Upgrade a Travis VM to Ubuntu 16.04 on the fly

Today I found a challenge for myself. Some Travis users want to use Ubuntu 16.04, but for now Ubuntu 14.04 is the only one available (see travis-ci/travis-ci#5821). Initially I thought I’d spend one hour on this, but it ended up being a whole day project, so I decided to share my experience.

From the first sight, it’s trivial to update all the packages:

sed -i -e "s/trusty/xenial/g" /etc/apt/sources.list
apt-get update && apt-get dist-upgrade -y

But when a system needs a reboot. The problem is, once rebooted, Travis is losing the VM -- it runs a control process via ssh, and this process is not supposed to be stopped. So, the key to success is to find a way to not destroy this ssh session with Travis control process. This is where CRIU can help us! We can try to checkpoint the ssh session, reboot the system, and restore the session back. Is it challenging? As usual, the devil is in details.

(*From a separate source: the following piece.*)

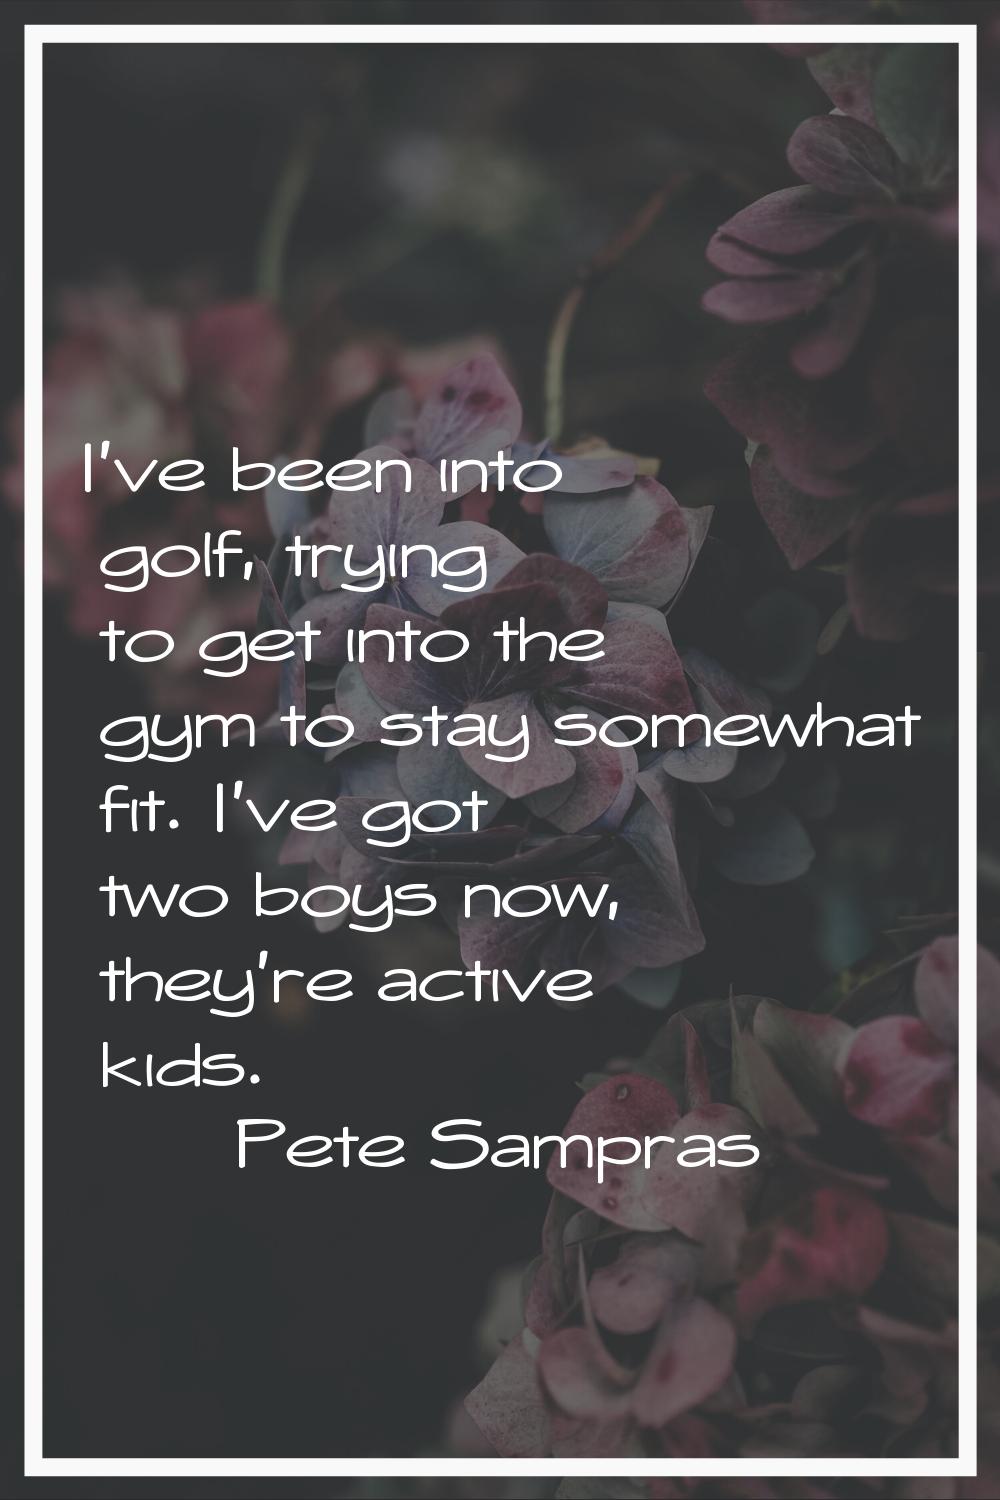 I've been into golf, trying to get into the gym to stay somewhat fit. I've got two boys now, they'r

First of all, we need to get the PID of the root process in the session. Here is the process tree:

12253 ?        Ss     0:03 /usr/sbin/sshd -D
32443 ?        Ss     0:00  \_ sshd: root@pts/0
32539 pts/0    Ss     0:00  |   \_ -bash

To find the relevant process, we need to enumerate all the parent processes, and get a second sshd process from the init:

ppid=""
pid=$$
while :; do
    p=$(awk '/^PPid:/ { print $2 }' /proc/$pid/status)
    test$p” -eq 1 && break
    ppid=$pid
    pid=$p
done
echo $pid

Now we are ready to dump the travis session:

./criu/criu dump -D /imgs -o dump.log -t $pid --tcp-established \
    --ext-unix-sk -v4 --file-locks --link-remap

The --tcp-established option is required because Travis is connected to the VM via ssh. The --link-remap is required to restore unlinked files. We are going to update all the packages in the system, but the Travis process will continue to use old files (shared libraries and any other opened files), so those removed but opened files have to be restored as ghost files. The --ext-unix-sk is required to handle the dbus socket (more on that later).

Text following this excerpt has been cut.